Which directors were elected at ContextLogic (LOGC) 2026 annual meeting and for how long?

Raja Bobbili and Mark Ward were elected as Class I directors. They will serve until the company’s 2029 annual meeting of stockholders, or until their respective successors are duly elected and qualified under the company’s governance structure.

Which audit firm did ContextLogic (LOGC) stockholders ratify for the 2026 fiscal year?

Stockholders ratified Deloitte & Touche LLP as the independent registered public accounting firm for the fiscal year ending December 31, 2026. The ratification received 37,187,233 votes for, 460,418 against, and 50,743 abstentions.

How did ContextLogic (LOGC) stockholders vote on 2025 executive compensation?

On an advisory basis, stockholders approved compensation for named executive officers for 2025. The proposal received 27,555,870 votes for, 1,942,230 against, 15,680 abstentions, and 8,184,614 broker non-votes at the 2026 annual meeting.

Did ContextLogic (LOGC) stockholders approve the adjournment proposal at the 2026 annual meeting?

Yes.

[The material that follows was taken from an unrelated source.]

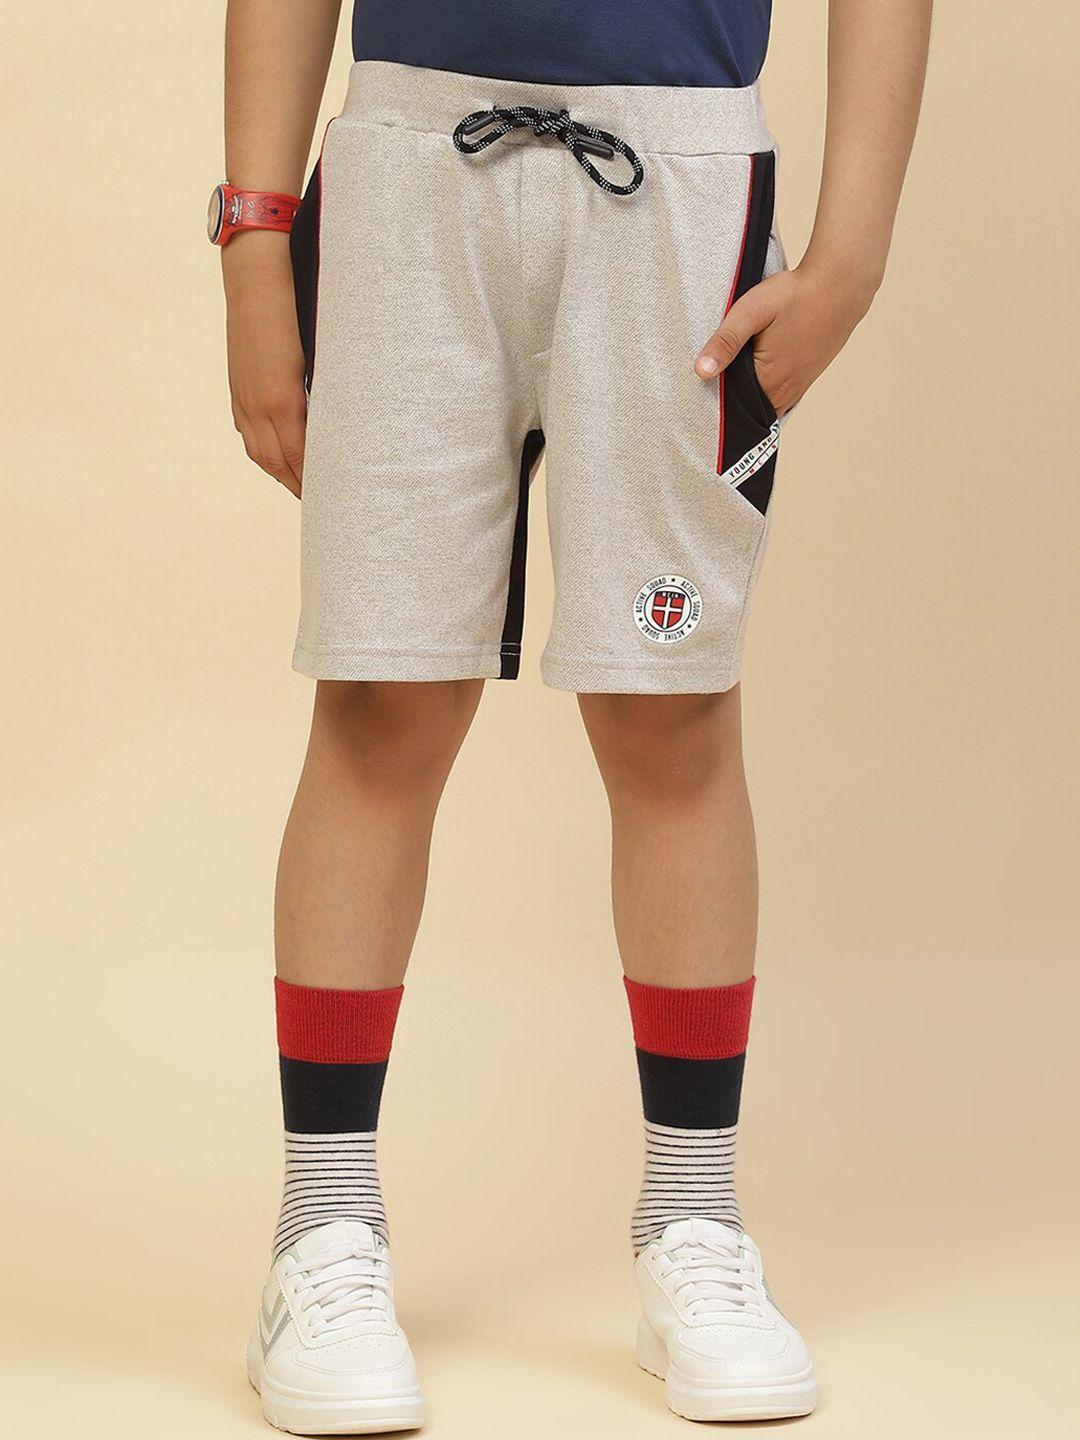 monte-carlo-boys-mid-rise-sports-shorts

Stockholders approved a proposal to adjourn the annual meeting if necessary, with 27,970,715 votes for, 1,525,592 against, 17,473 abstentions, and 8,184,614 broker non-votes, providing flexibility in conducting the meeting’s formal business.

On which market is ContextLogic (LOGC) common stock quoted?

ContextLogic’s common stock, with a par value of $0.0001 per share, is quoted on the OTCQB market under the trading symbol LOGC, as indicated in the company’s disclosure of securities registered under Section 12 of the Exchange Act.